This article is from a series appearing in the magazine Abhiyan.
Mr. Rashmin Sanghvi, a chartered accountant will be analysing various investment alternatives which are at present available to the Indian investor. He is warning the investors and exposing the risks in different investments. Some fundamental issues which we all know and yet do not relate to our own investments are stated in this series of weekly articles. Altogether, it is planned to publish about 10 articles in this series.
There are some facts which we all ignore in our day to day life. Some times, we consciously avoid such facts - because they hurt our mental peace.
Investment is one such idea.
When the share market index is rising and all experts are projecting rosy pictures and phenomenal appreciation, everyone is happy. Circulation of financial magazines and newspapers goes up. And when the index crashes, circulation also crashes. No one wants to read sad stories. Most people do not count their losses. They wait till the next boom comes. Whereas the correct time to study and take action may be when the market is low.

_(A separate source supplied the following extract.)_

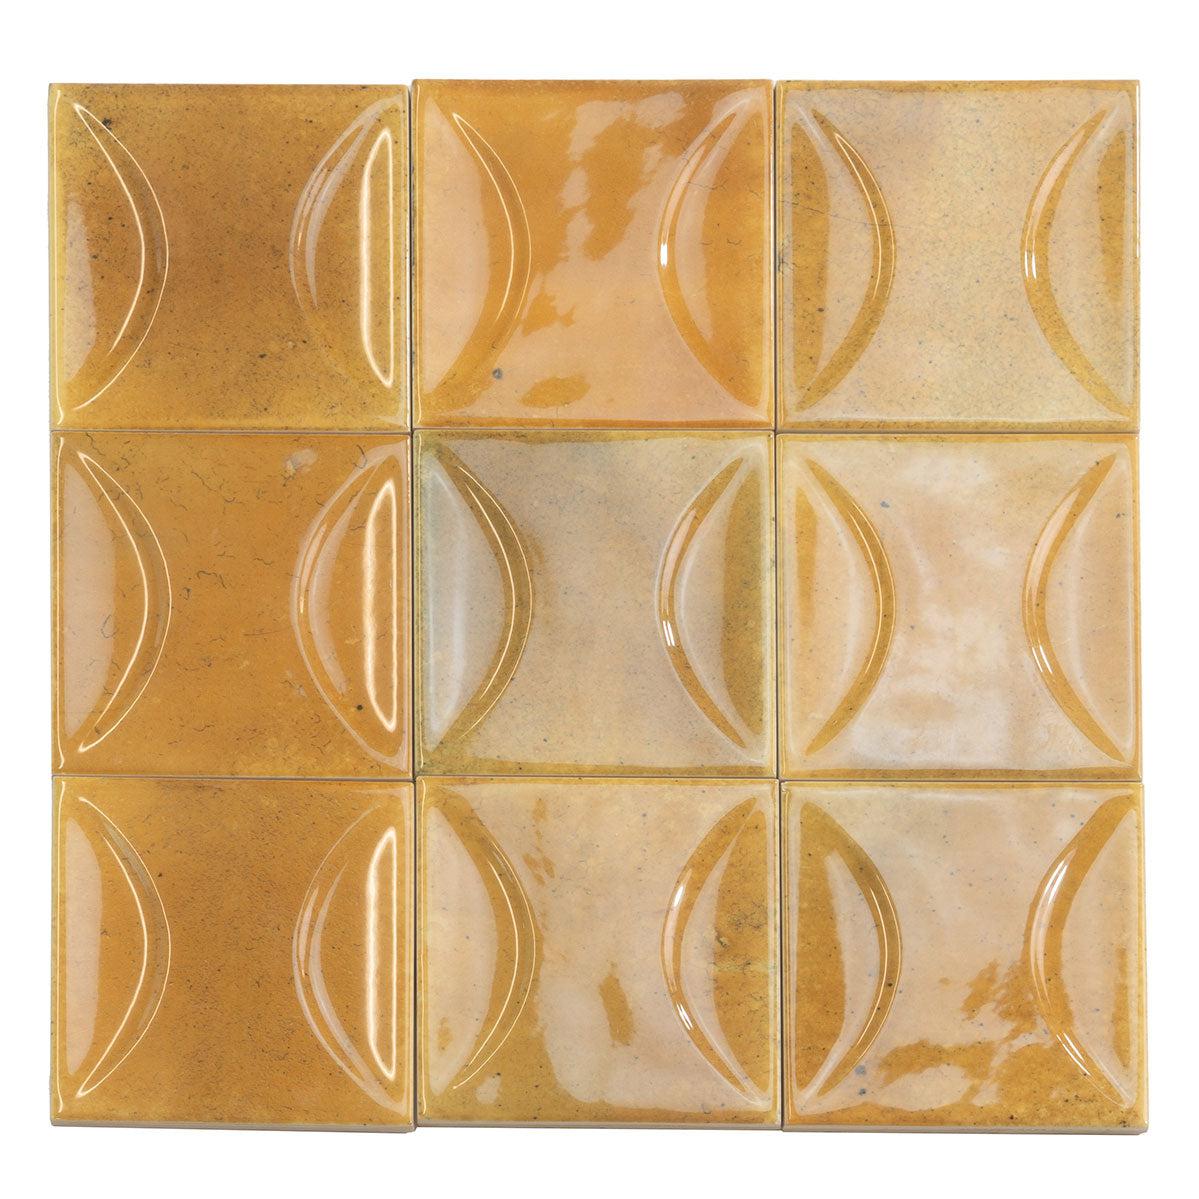 Luna Arc Caramel 4x4 Ceramic Square Tiles

Most reader-investors must have studied company balance sheets. Let us, in this article look at Central Government's balance sheet. All of us may be keenly interested because - all of us have invested in national savings certificates, public provident funds and similar other tax saving instruments. All these investments, in a sense are our loans to the Central Government of India. Let us see how solvent is our borrower.
The Balance Sheet as on March, 96 is summarised here : (All figures in Rs. Crores).
|1. Internal Debt, Market loans, Treasury bonds, Special Bearer Bonds etc.||3,03,359||1. Capital Expense for :|
|2. External Debt||52,666||1.1 Defence & other services||61,202|
|3. Small Saving Schemes||92,820||1.2 Social Services||5,811|
|4. Provident funds including P.P.F.||1,24,751||1.3 Economic Services||1,51,151|
|5. Others||32,114||2. Loans given to :|
|2.1 State Government etc.||1,30,763|
|2.2 PSUs, Port Trusts etc. etc.||47,026|
|Gross Total Of Assets & Liabilities : 6,05,710|
This balance sheet means :
1. Your investment in small savings schemes togather amounts to Rs. 92,820 crores.
2. Government provident funds, public provident funds and the deposits with Government by private provident funds together amount to Rs. 1,24,751 crores.
In other words, direct loans to Government by you and me amount to Rs.2,17,571 crores. (92,820 + 1,24,751).
3. The liability side needs an adjustment.
Government accounts the external loans at the rupee conversion rates prevailing on the date of borrowal. For example, Government had taken a loan of $ 1 million when the rate was Rs.18= 1 U.S. $. This loan will still be taken in accounts as Rs. 18 million. At the current market rate of Rs.34.50=$1; the loan should be stated as Rs.34.50 millions.
The external Debt figure of Rs.52,666 must be converted into the amount which is payable as on balance sheet date. If we consider total external debt of U.S. $ 95 billions and convert the same at current rate of Rs.34.50=$1; the total loan will be - Rs.3,27,750 crores. This means that the total liabilities are understated by Rs.2,75,084 crores (3,27,750 - 52,666).
This means that Government's accumulated loss is Rs.4,84,841 crores (2,75,084 + 2,09,757).
4. A loss of almost Rs.5 lakh crores means that all your savings certificates and provident funds (total Rs.2,17,571 crores) are already lost by Government of India - twice over.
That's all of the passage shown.